Чезаре Браджи, проявив присущие ему такт и деликатность, тотчас пригласил мать Адрианы переехать в их дом и жить вместе с овдовевшей дочерью. Адриана, избавившись от тирании мужа и ощущая постоянную поддержку матери, стала понемногу приходить в себя, и если не обрела еще совершенного покоя, то, во всяком случае, перестала терзаться душой. Всем своим существом отдалась она заботам 6 детях, изливая на них всю любовь и нежность, которые сохранила в неприкосновенности за годы своей несчастливой супружеской жизни.

Чезаре, как и прежде, раз в год уезжал на континент и через месяц возвращался, нагруженный подарками: и невестке, и ее матери, и, конечно, племянникам, о которых всегда заботился по–отечески.

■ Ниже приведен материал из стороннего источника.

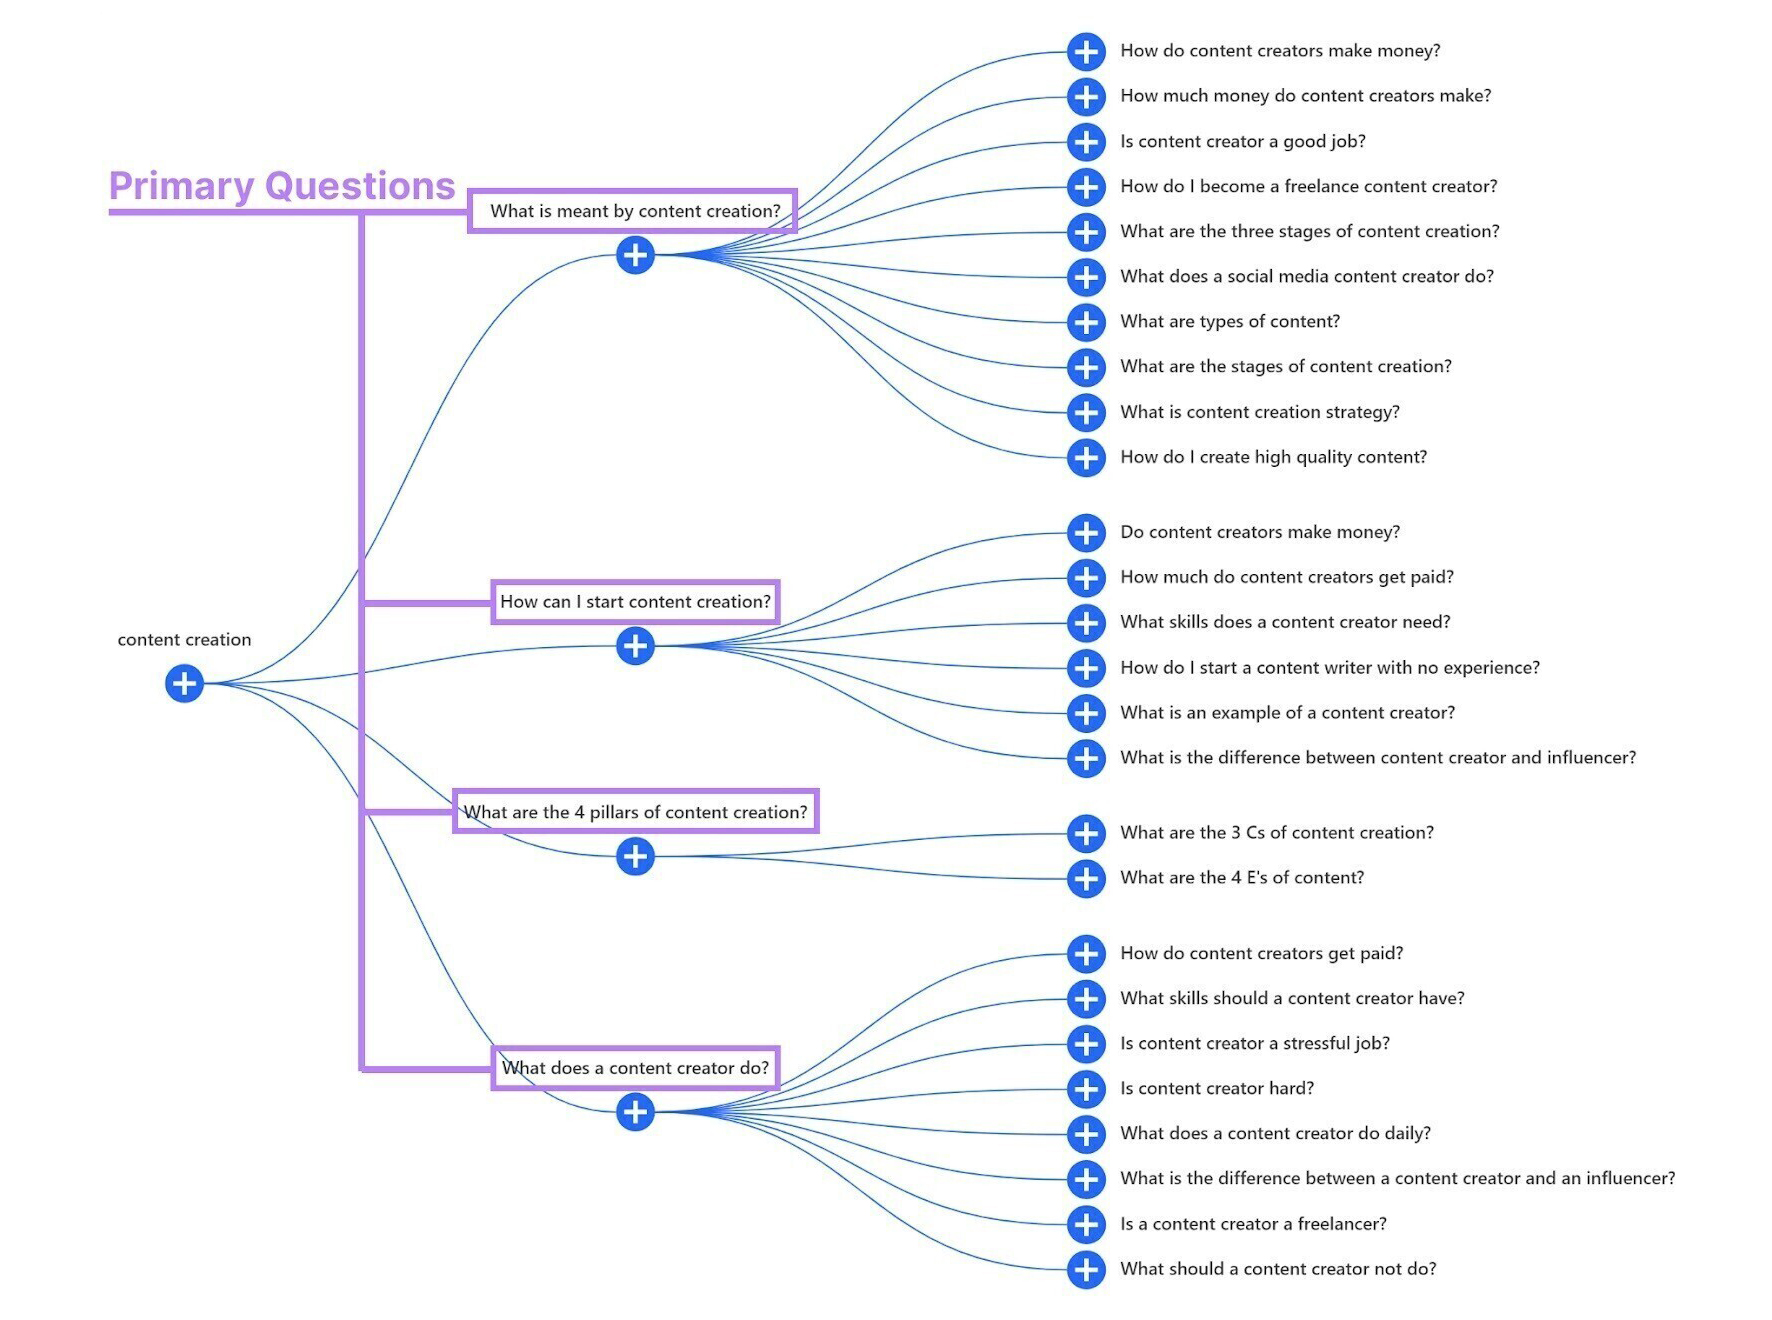 пример диаграммы разветвления для поиска «content creation» в США

Женщинам было страшно в доме без мужчины, особенно по ночам. А днем Адриане казалось, что в тишине, которая с отъездом Чезаре стала еще более глубокой и зловещей, таится какая–то страшная угроза, нависшая над всем домом; мороз пробегал у нее по коже, всякий раз как она слышала скрип блока над горловиной чистерны, когда ветер тряс веревку. Но неужели ради двух женщин и двух мальчишек, которые, собственно говоря, не составляли его семьи, Чезаре должен был лишать себя единственного праздника за целый год отупляющей скуки в кругу одних и тех же будничных дел? Ведь он мог бы и вовсе ни о ком не заботиться, жить в свое удовольствие, наслаждаться свободой, раз уж брат, женившись, лишил его возможности завести собственную семью; он же вместо того — надо отдать ему должное — все свои короткие часы досуга посвящал заботам о доме, о племянниках–сиротах.

Со временем все печали в сердце Адрианы улеглись. Сыновья подрастали, и она была довольна тем, что воспитанием их руководит их дядя. Она до такой степени вся отдалась детям, что ее удивляло, когда деверь или сами мальчики протестовали против ее чрезмерных забот. Ей непонятно было, как это ее заботы могут быть чрезмерными. О ком же ей еще думать, как не о детях?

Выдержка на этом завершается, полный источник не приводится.